• _THE PROBLEM_
Return the listing below verbatim. Pictures do not belong in the copy.
Segment Start: SUPPLIED INFORMATION
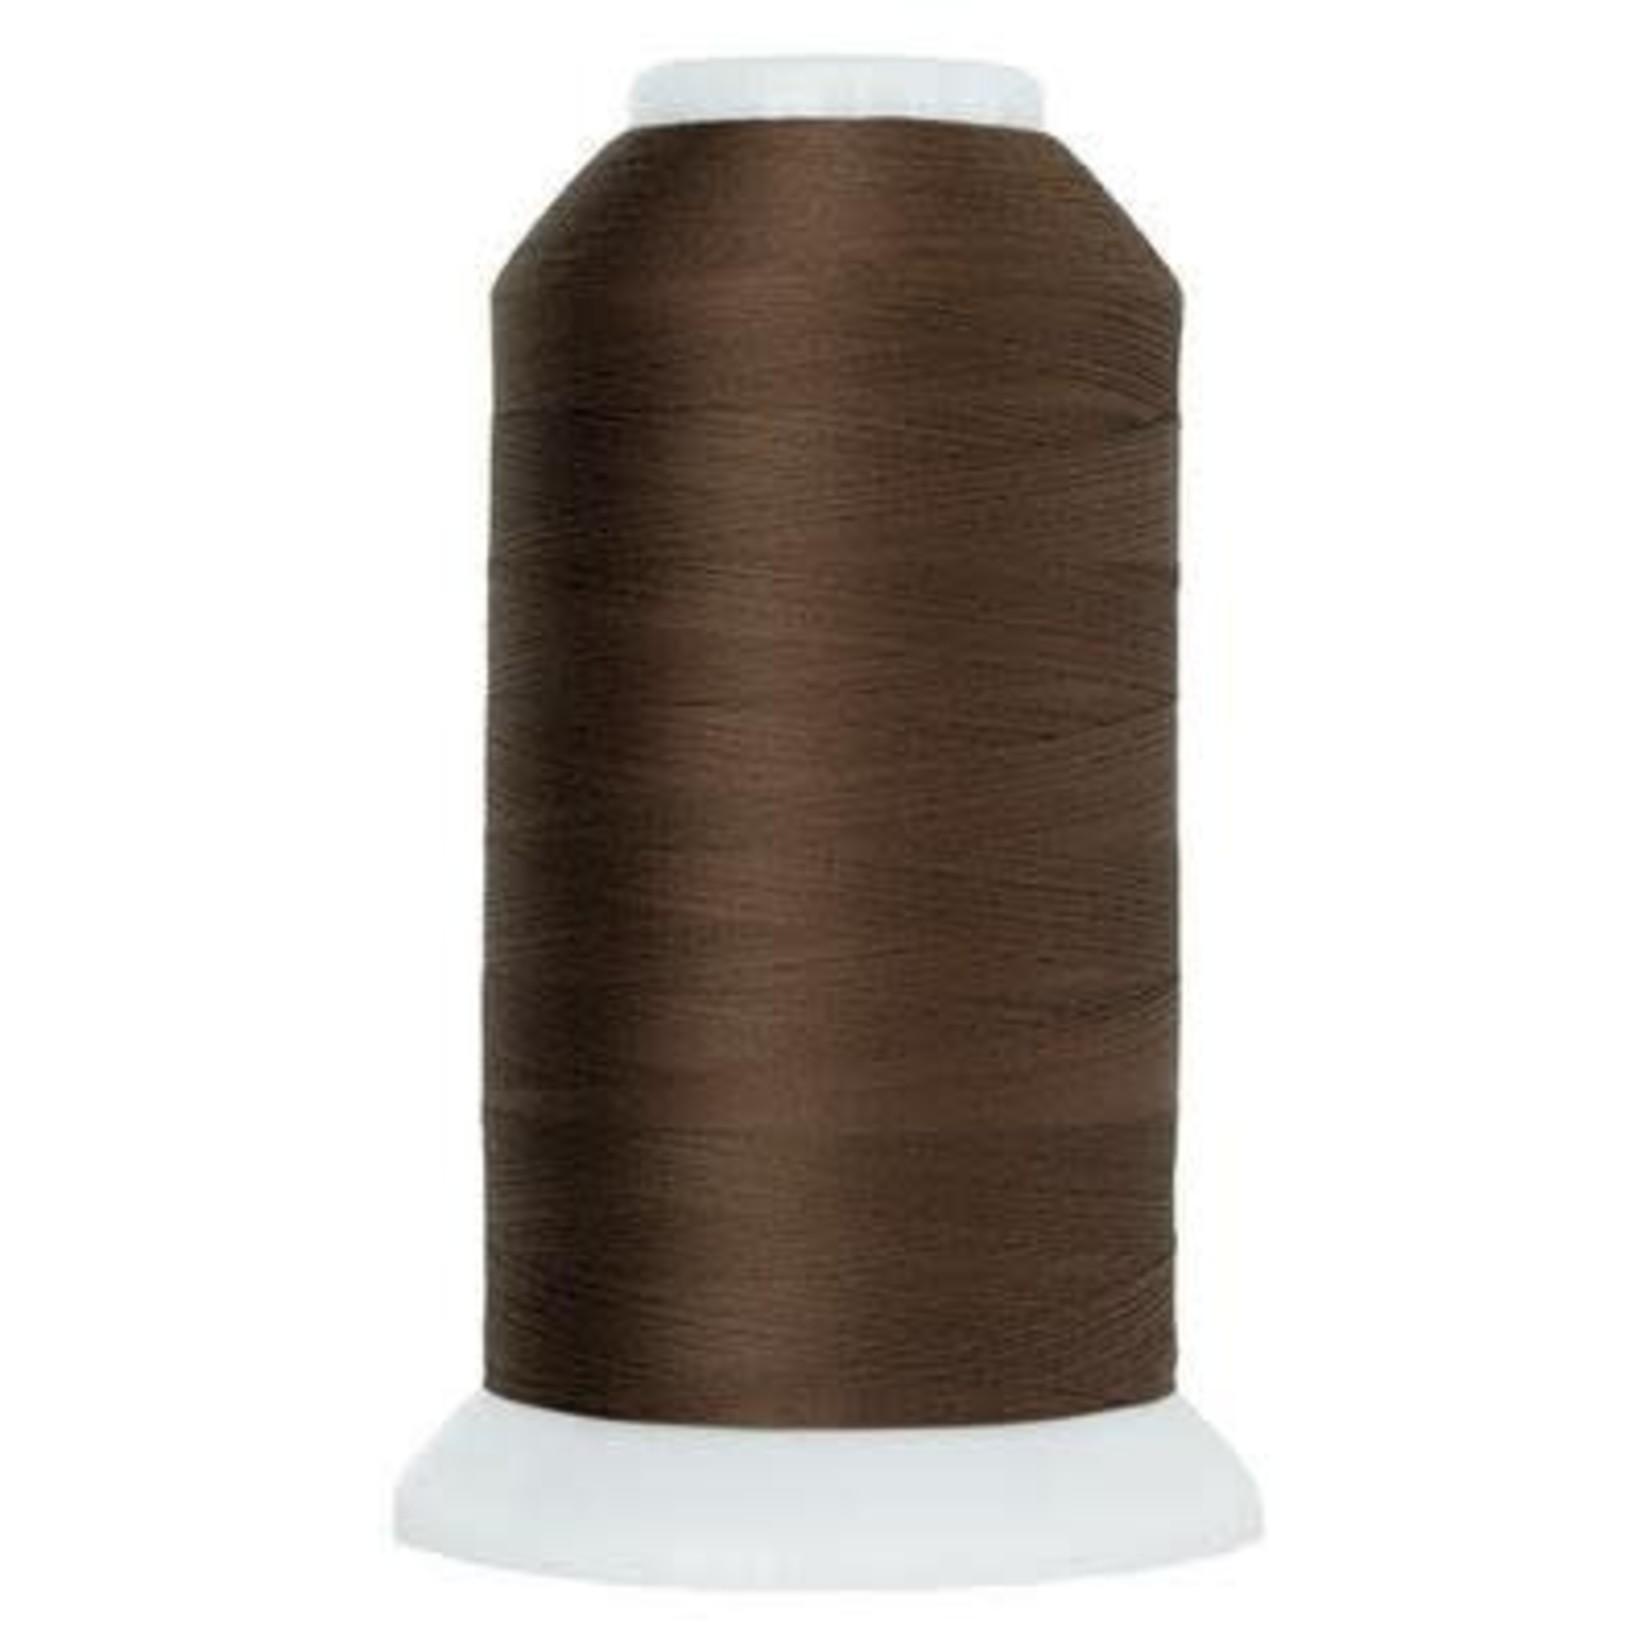 Superior Threads So Fine! 424 Chocolate 3280
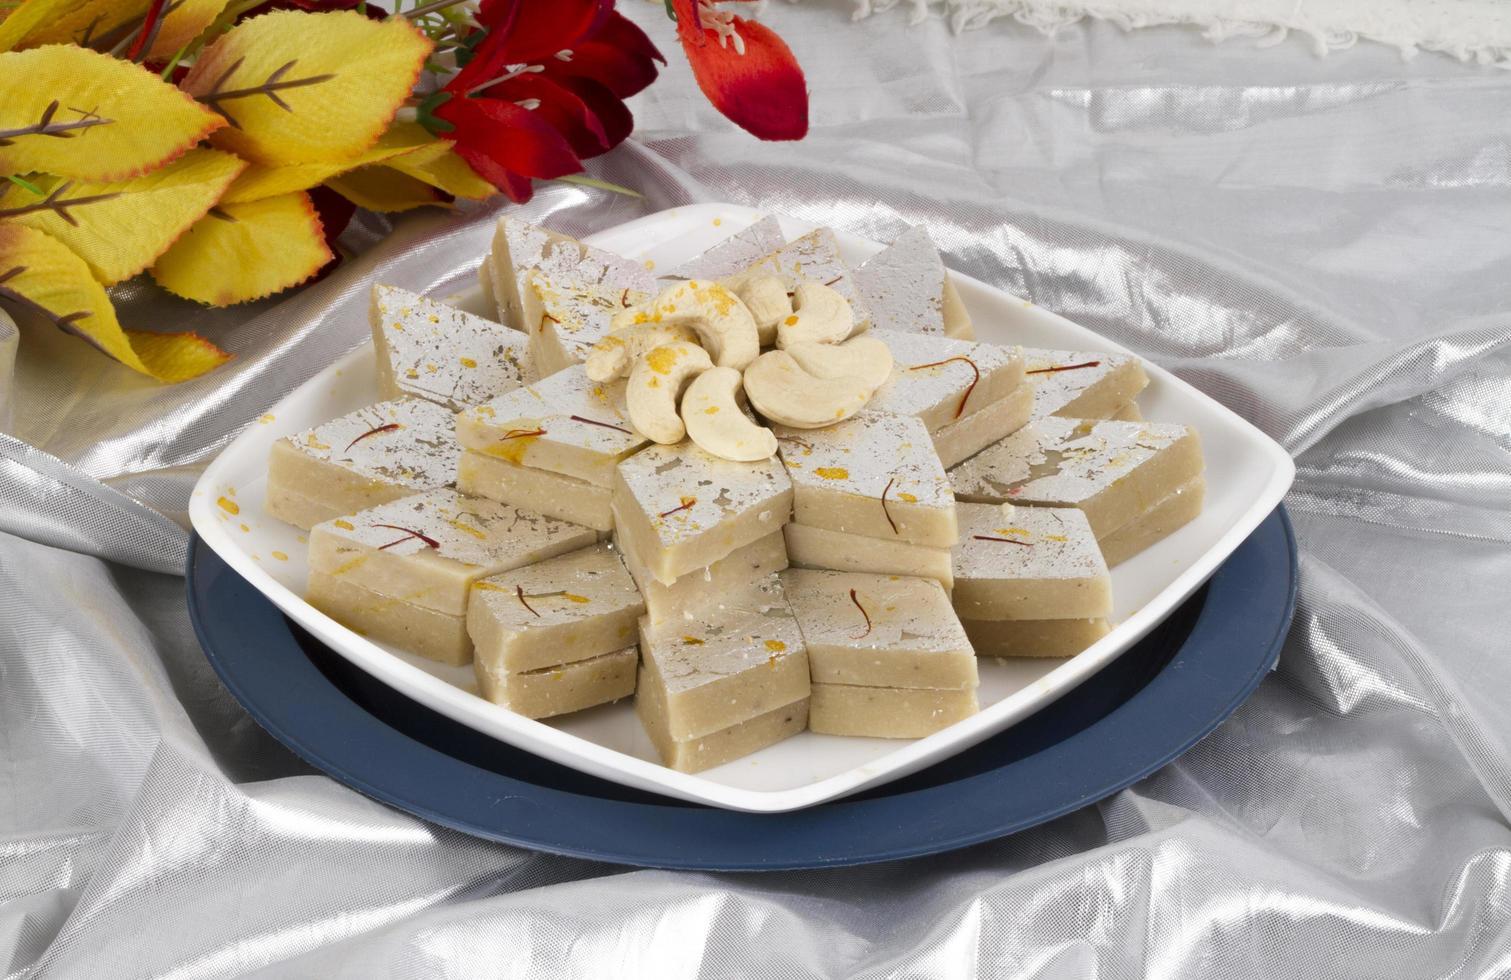 comida dulce tradicional especial india kaju katli foto
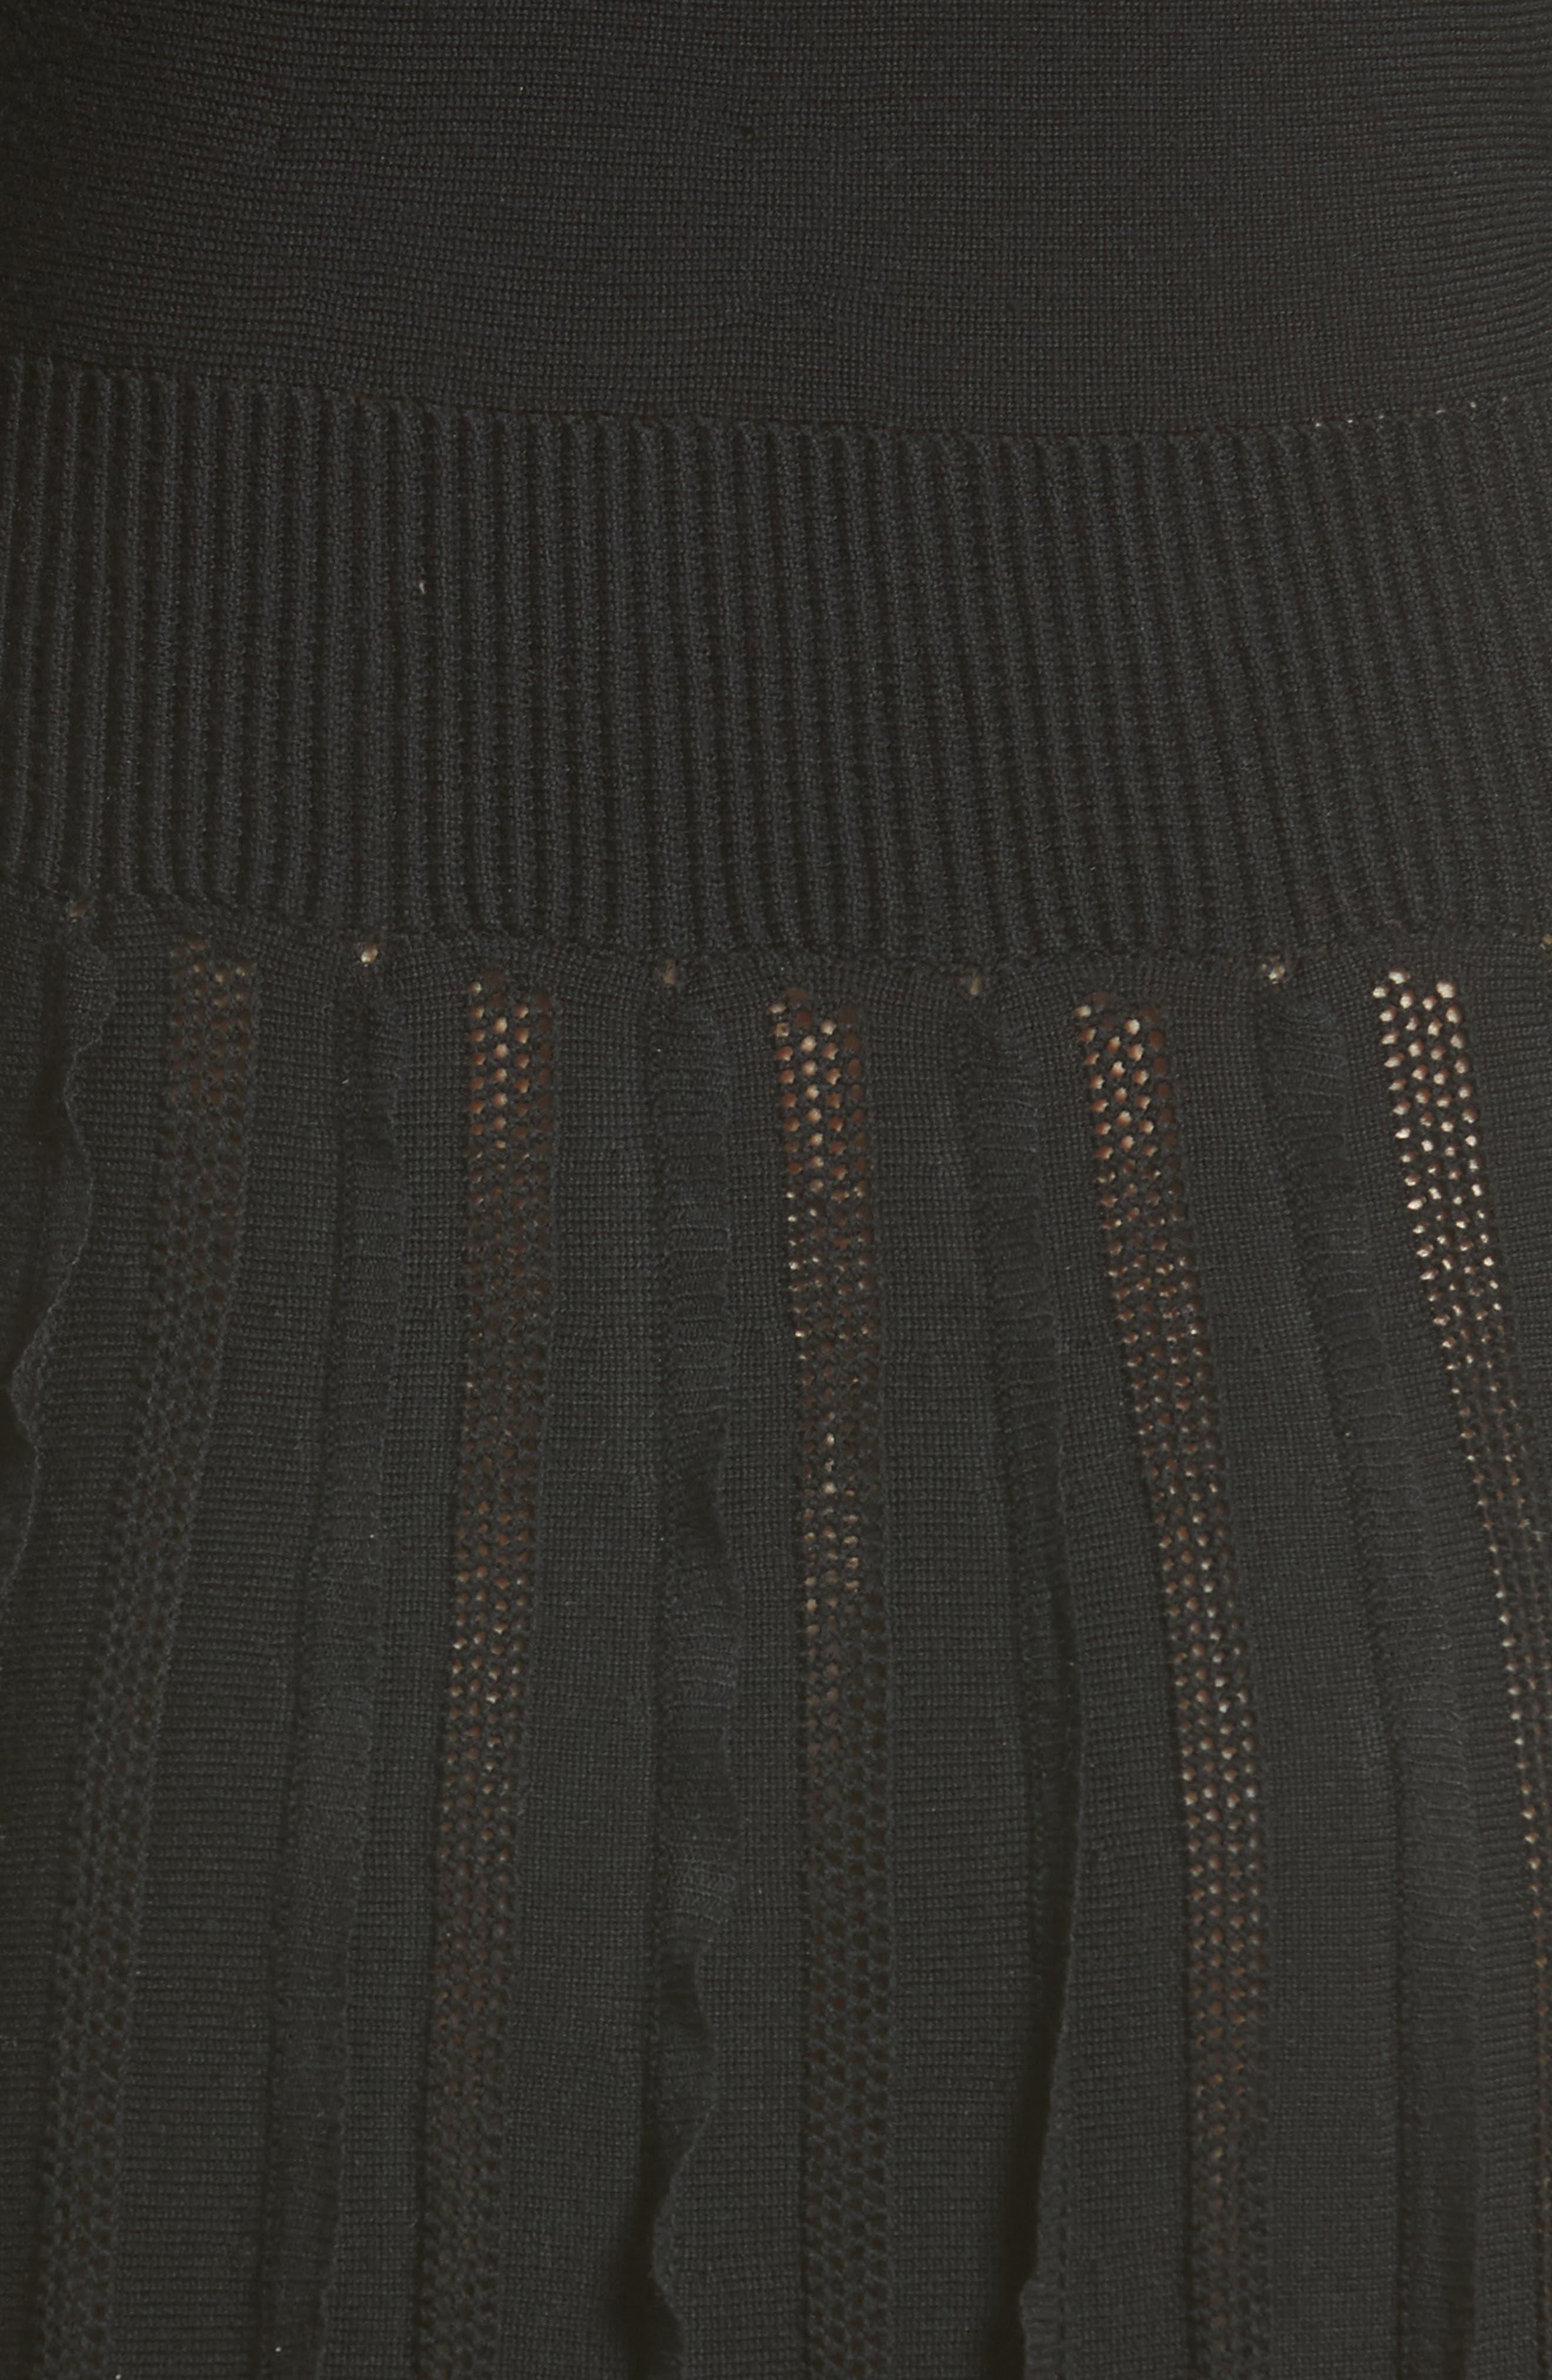 Ruffle Skirt Wool Knit Dress,                             Alternate thumbnail 5, color,                             001
Segment End: SUPPLIED INFORMATION
• _TASK ANSWER_
 Superior Threads So Fine! 424 Chocolate 3280
 comida dulce tradicional especial india kaju katli foto
 Ruffle Skirt Wool Knit Dress,                             Alternate thumbnail 5, color,                             001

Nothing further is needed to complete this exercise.